Network-wide traffic speed forecasting: 3D convolutional neural network with ensemble empirical mode decomposition

Accurate traffic speed forecasting is one of the most critical tasks in proactive traffic management and the deployment of advanced traveler information systems. This paper proposes a hybrid forecasting approach named DeepEnsemble by integrating the three-dimensional convolutional neural network (3D CNN) with ensemble empirical mode decomposition (EEMD). There are four steps in this hybrid approach. First, EEMD is adopted to decompose the complex traffic speed time series data with noise into several intrinsic mode functions (IMFs) and a residue. Second, a three-dimensional tensor is established and fed into 3D CNN for prediction. Third, the output of 3D CNN prediction is obtained by a linear combination of the results of all components. Finally, the 3D CNN prediction output, external features, and historical features are fused to predict the network-wide traffic speed simultaneously. The proposed DeepEnsemble approach is tested on the three-month traffic speed series data of a real-world large-scale urban expressway network with 308 traffic flow detectors in Beijing, China.
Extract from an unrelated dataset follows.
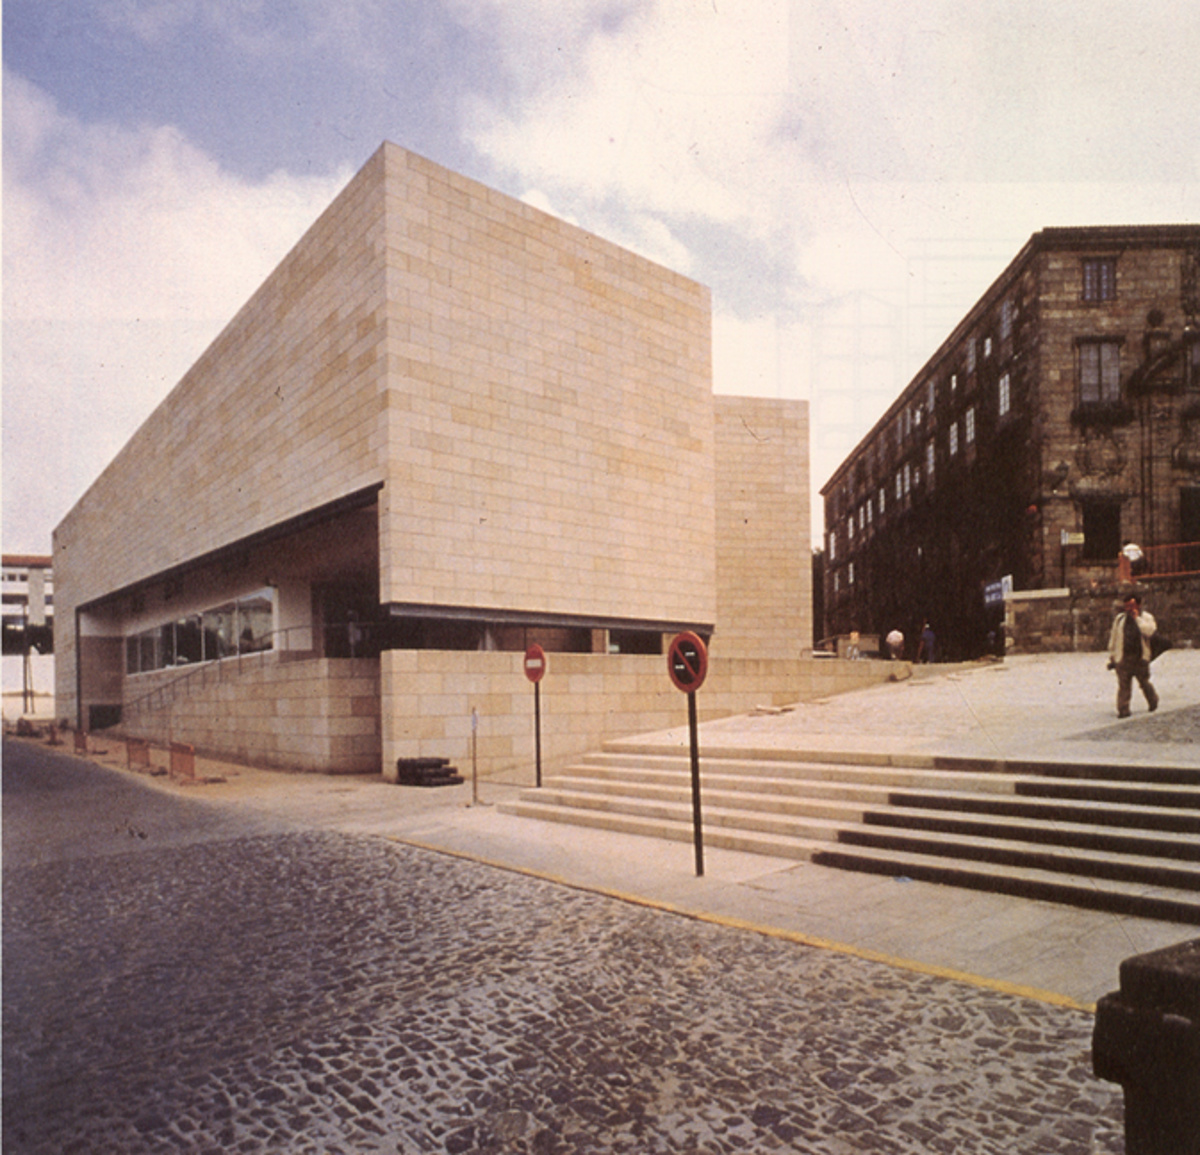  Galician Centre of Contemporary Art

The experimental results indicate that DeepEnsemble outperforms the state-of-the-art network-wide traffic speed forecasting models. 3D CNN learns temporal, spatial, and depth information better than 2D CNN. Moreover, forecasting accuracy can be improved by employing EEMD. DeepEnsemble is a promising model with scalability and portability for network-wide traffic speed prediction and can be further extended to conduct traffic status monitoring and congestion mitigation strategies.